Едва ли это эпатаж, скорее — особенность елизаровского мироощущения. Наверное, когда-то давно, во времена далекого харьковского Мишиного детства, Вселенная по-хулигански надвинула ему панамку на нос, дала подзатыльник и отобрала мороженое. И с тех пор автор, выросший, но так и не снявший ту детскую панамку, мстит, как умеет, этой перекошенной Вселенной. «Чего тут стесняться, когда весь мир создан совершенно не на мой вкус. Береза — тупица, дуб — осел. Речка — идиотка. Облака — кретины». Это, правда, не Михаил Елизаров, а министр-администратор из пьесы Евгения Шварца «Обыкновенное чудо». Елизаров бы выразился покруче.
Вселенская жопотень
Виктор Ерофеев. Акимуды: Роман. М.: РИПОЛ Классик
Действие фантасмагории Виктора Ерофеева происходит в наши дни. Как снег на голову на российскую столицу сваливается посольство страны Акимуды, на карте не обозначенной. Цель гостей — выяснить, можно ли иметь дело с теперешними москвичами или на них надо поставить крест и заняться более перспективным проектом. Федеральные власти озабочены и решают напомнить пришельцам (из рая? из преисподней?), кто в доме хозяин. Однако воевать обычным оружием с «той силой, которая вечно хочет зла и вечно совершает благо» — занятие бессмысленное и опасное…
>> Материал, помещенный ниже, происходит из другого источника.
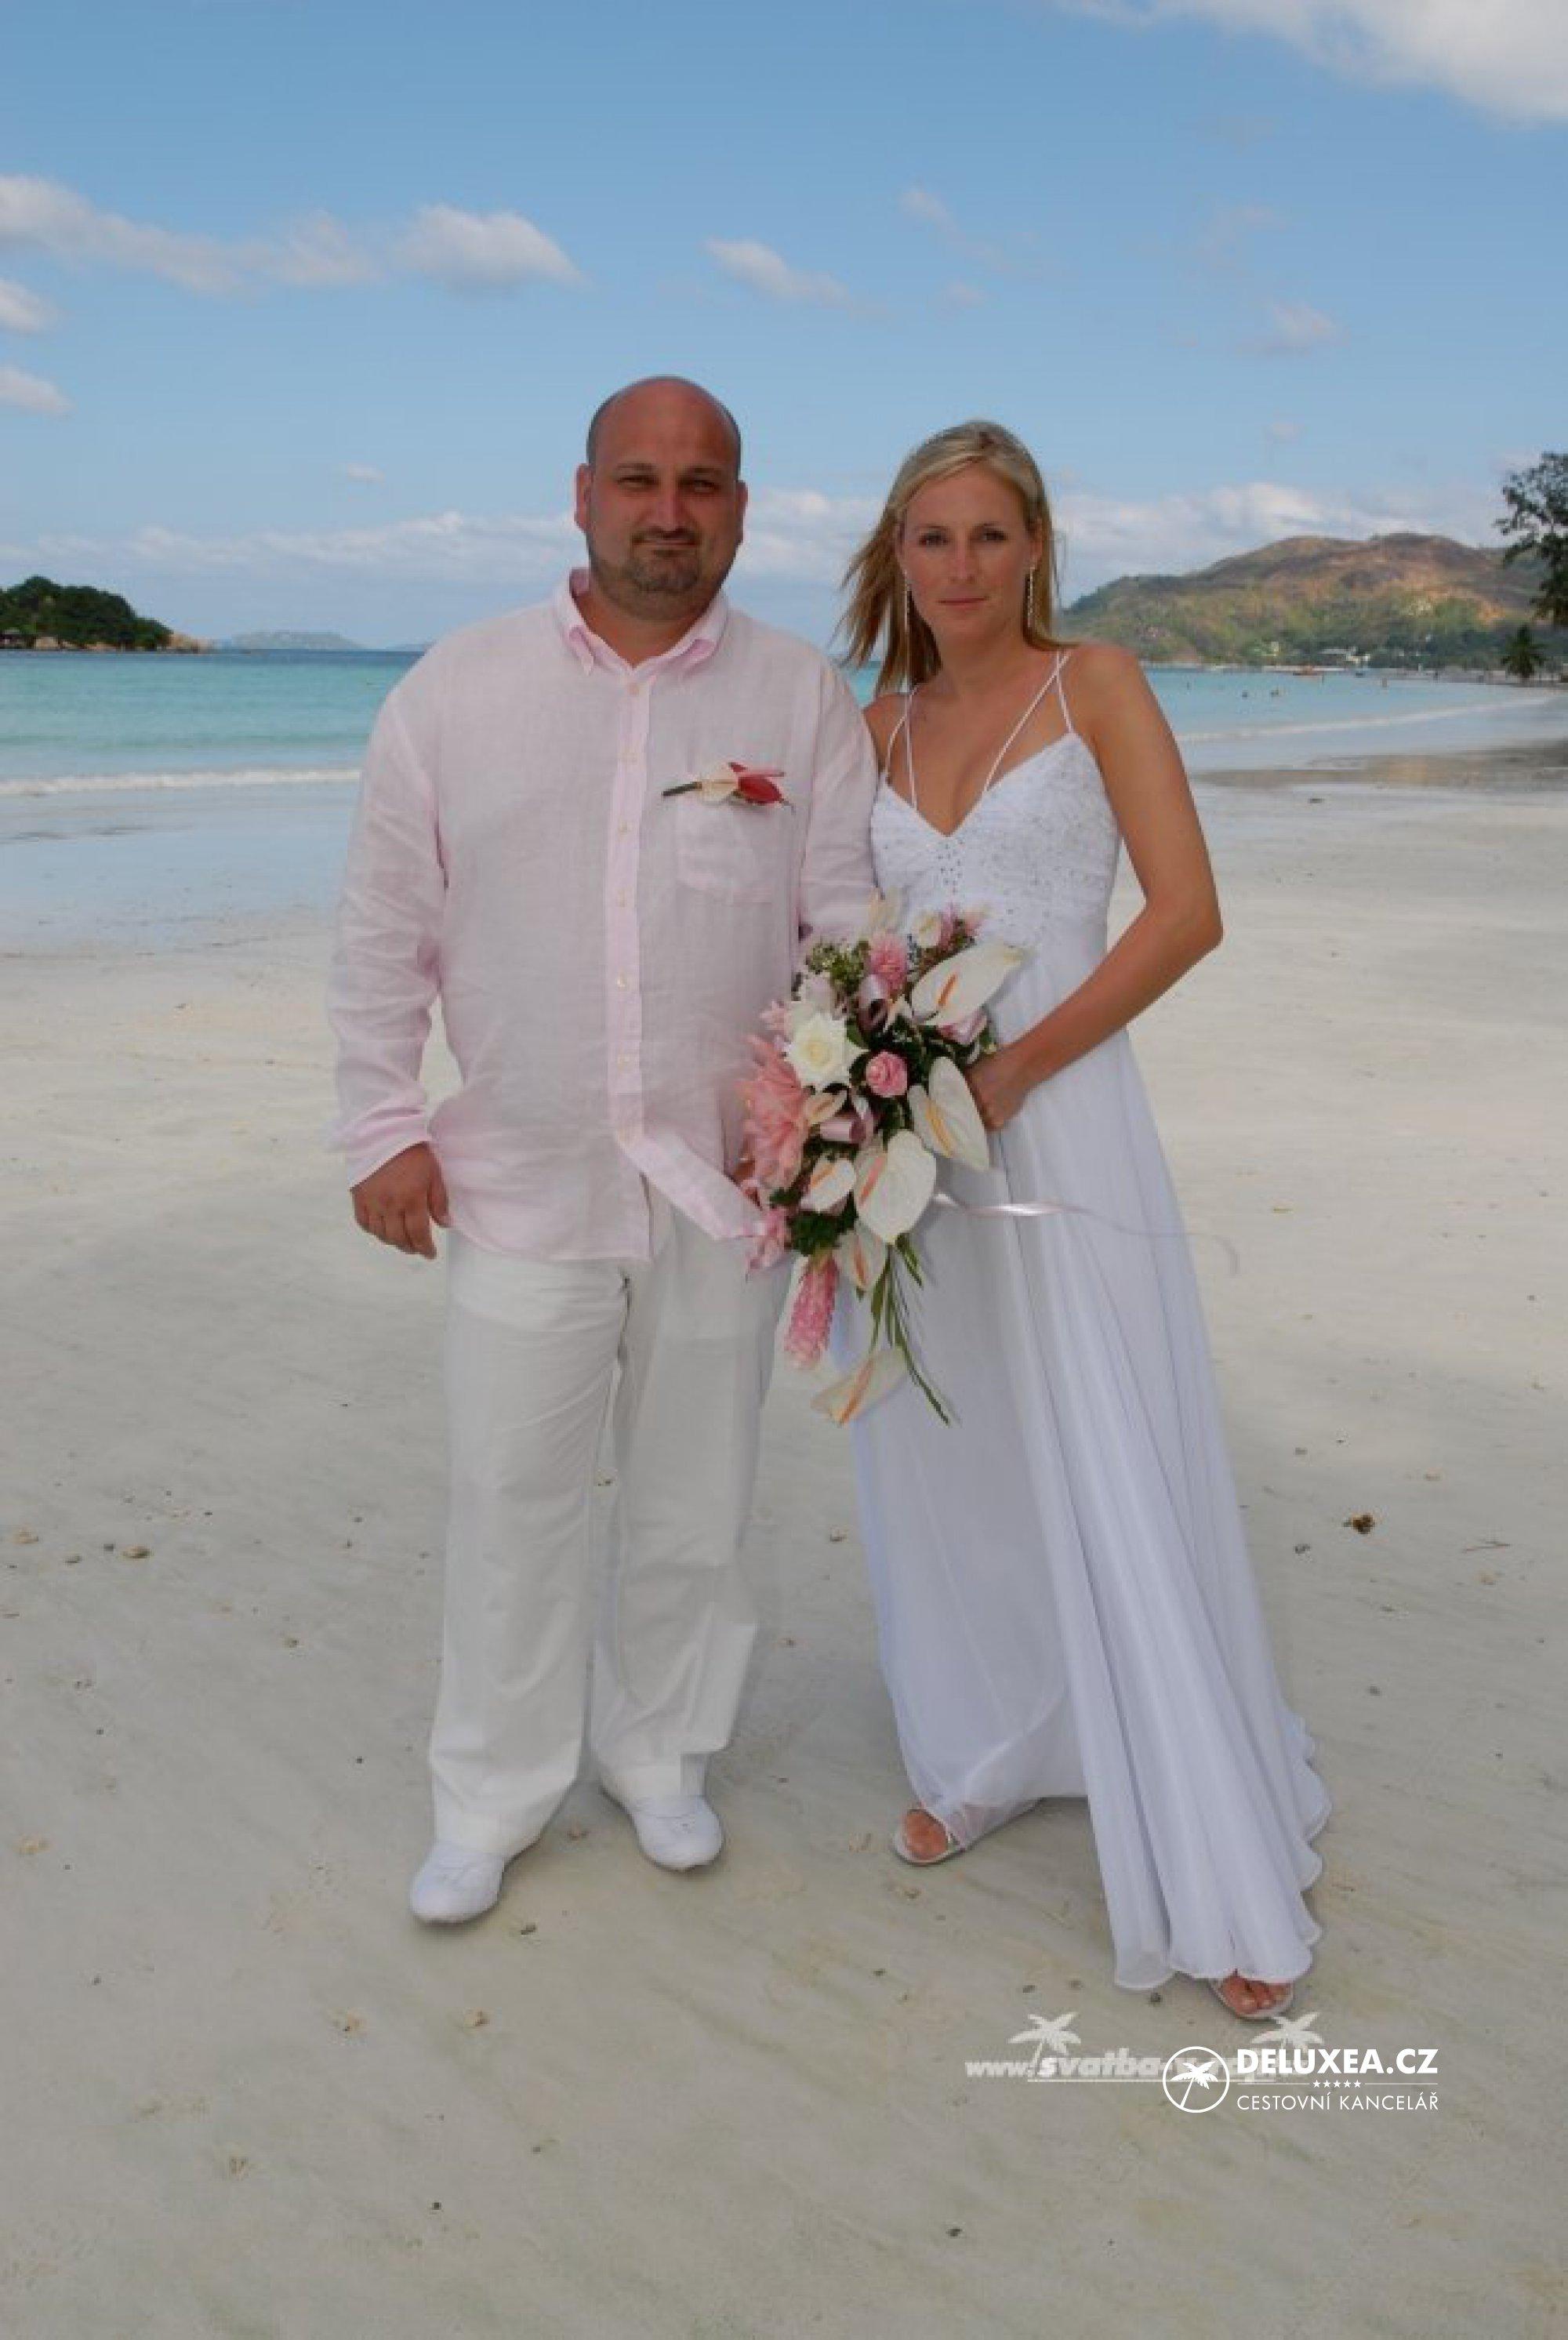 00c87c51eac Svatební šaty. Inspirace pro svatbu u moře. - DELUXEA

«Ко мне подозрительно относится интеллигенция, — жалуется в романе лирический герой, похожий на самого автора. — Она ненавидит меня за то, что я не считаю Булгакова великим писателем». Не слишком почтительное отношение к Михаилу Афанасьевичу не мешает романисту, выстраивая сюжет, брать напрокат булгаковскую схему. Посланцы страны Акимуды смахивают на известную делегацию Воланда в Москве 30-х. Черный берет мессира примеряет посол Николай Иванович (он же Акимуд), в роль Иванушки вписывается эфэсбэшник Куроедов, а вакансию Маргариты заполняет любвеобильная девушка Зяблик. Легко догадаться, кто здесь Мастер. «Бог дал мне ум и талант, — напоминает alter ego автора, — обо мне пишут дипломы и диссертации, некоторые иностранные критики объявили меня гением», «в провинции на мои выступления набегает толпа народа», «сколько я раздал автографов? — это население целого города».
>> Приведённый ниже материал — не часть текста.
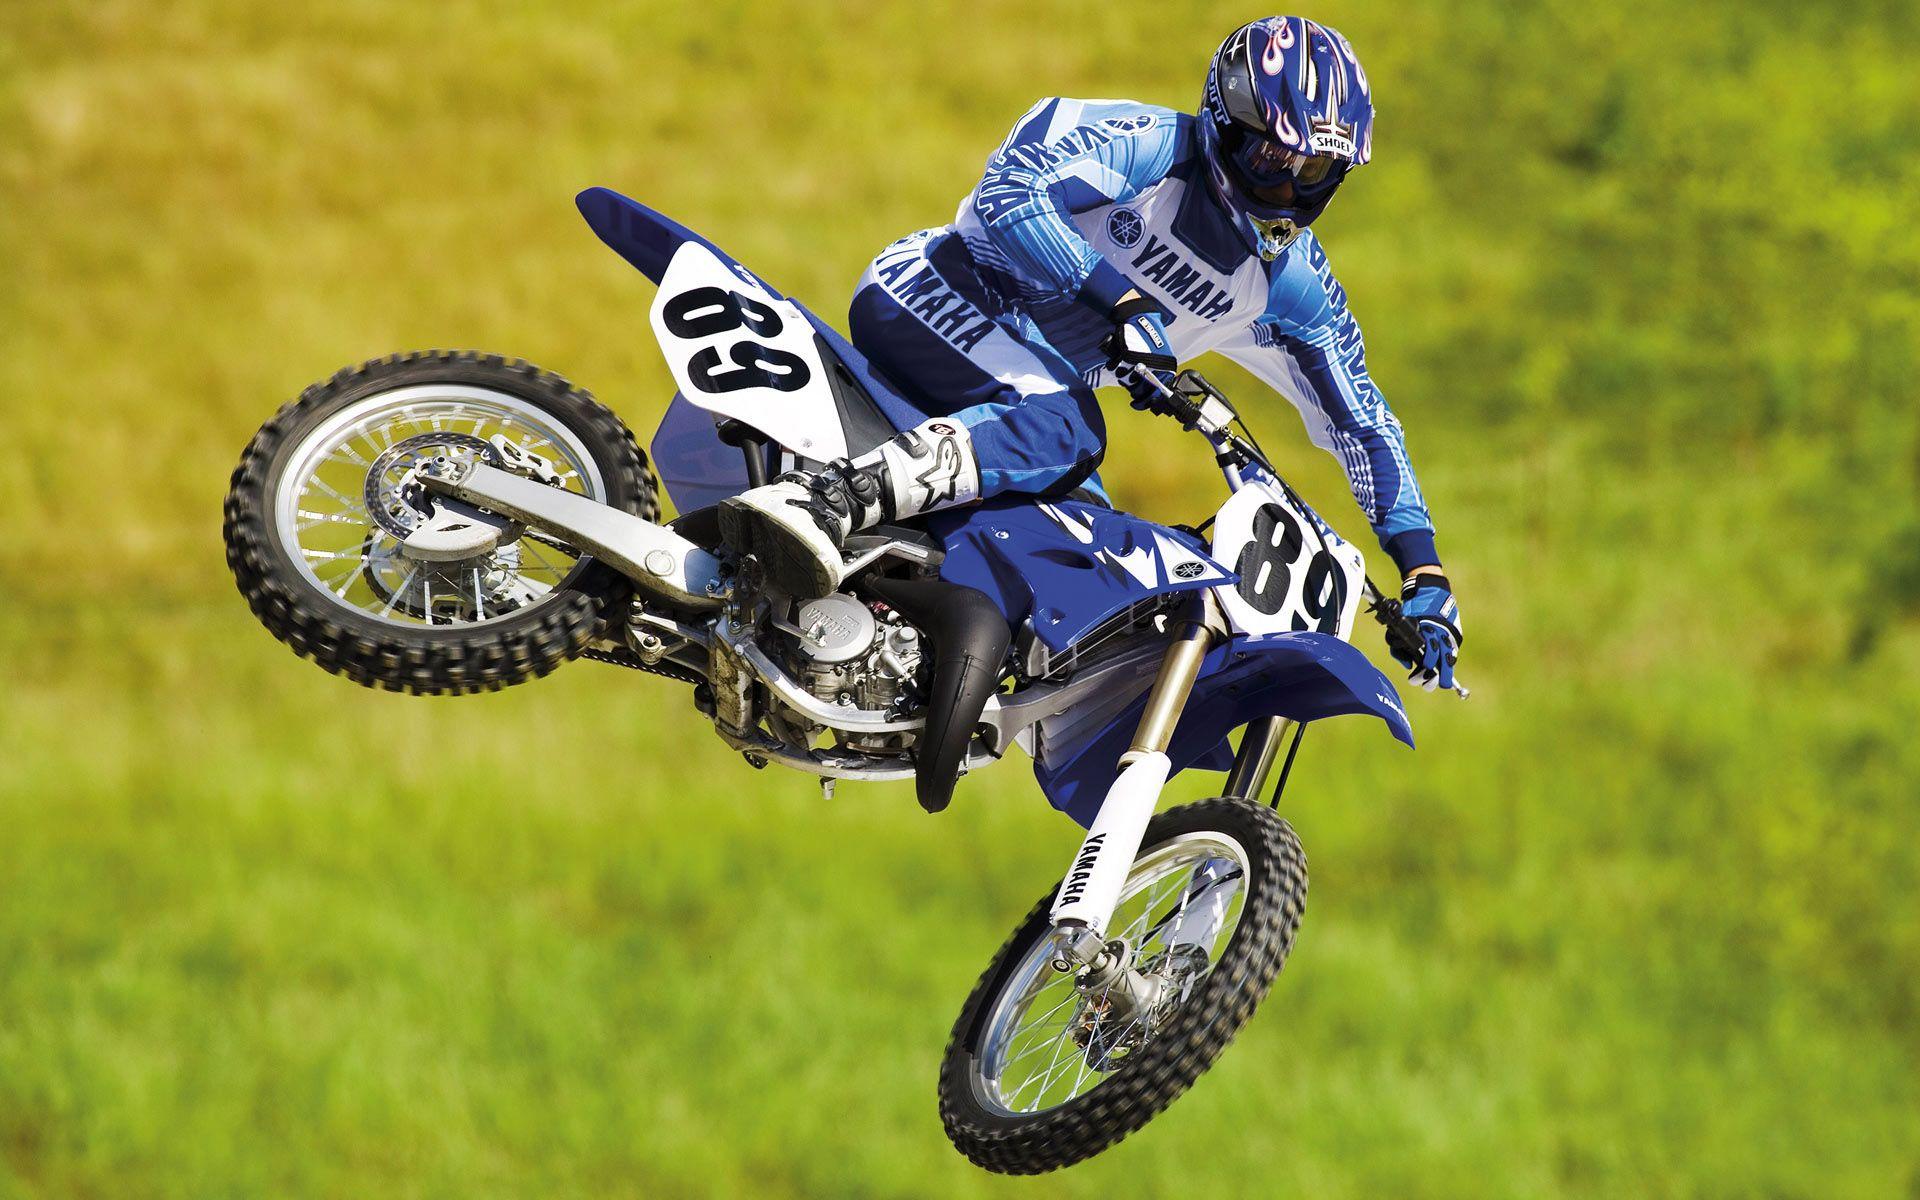 suzuki motocross bike hd - photo #41

Одна из центральных сцен в романе — посольский прием с участием усопших писателей — выглядит ремейком бала у Сатаны. Разница в том, что именитые коллеги выведены под своими именами и описаны с минимальной степенью дружелюбия. Больше всех повезло однофамильцу автора: создатель поэмы «Москва — Петушки» благоразумно не упомянут вовсе (иначе не избежать всегдашней путаницы, так раздражающей романиста). Довольно снисходителен рассказчик к Андрею Вознесенскому. Приветствуя его, автор лишь заметит, что поэт поддался давлению и заменил удачную строку на менее удачную. Упоминая о Василии Аксенове, Ерофеев с укоризной обронит, что «жены всегда подталкивают мужей эмигрировать» и в аксеновском случае все кончилось «семейной катастрофой». Куда меньше повезет в романе прочим известным мертвецам. Скажем, Мандельштама автор приклеит к Сталину (оба «в вальсе несутся через века славной истории, порождая и убивая друг друга»), Пастернака вынудит признаться в глупости и фальши, Набокову подарит пошлый каламбур, Ахматову заставит хвалиться синяками («вы правда любили, когда вас пороли мужчины?») и сообщит, что она и в подметки не годится Платонову, а самого Платонова сведет с Кафкой — для того, чтобы автор «Чевенгура» нелестно отозвался об авторе «Процесса» («Никакой ты не гений, а просто еврей задроченный»), а Кафка надавал Платонову пощечин.
Хамское отношение к классикам — не единственная бросающаяся в глаза черта «Акимуд». Желая подтвердить репутацию «скандалиста» и «певца минета», автор превращает роман и в разновидность пип-шоу. Характеры? Логика сюжета? Ха, не это главное. «Оптимистический лобок», «она теребила мой член», «мой член слегка крепчает, оказавшись на свободе», «сиськи у нее станут крепче», «направил свой микроскоп на ее молодые сиськи», «достал сиськи и намотал волосы на кулак», «мастурбировала на видеокомпромат», «после ужина она делала ему в ванной минет», «минет — не повод для ревности», «она трахает Че настоящим мужским членом», «жопа мужчины и женщины — единый центр удовольствия», «я регулярно занимаюсь онанизмом. Фактически, с детского сада». И так далее, почти на каждой странице, причем наблюдательный автор прозревает сексуальную символику буквально везде. В романе есть и «либерализм с яйцами», и уподобление дипломатических сношений половому акту, и «орехи, похожие на женские бедра с густой растительностью между ног», и «фаллический кран смесителя», и «скорбные, поставленные раком березы», и прочая «вселенская жопотень».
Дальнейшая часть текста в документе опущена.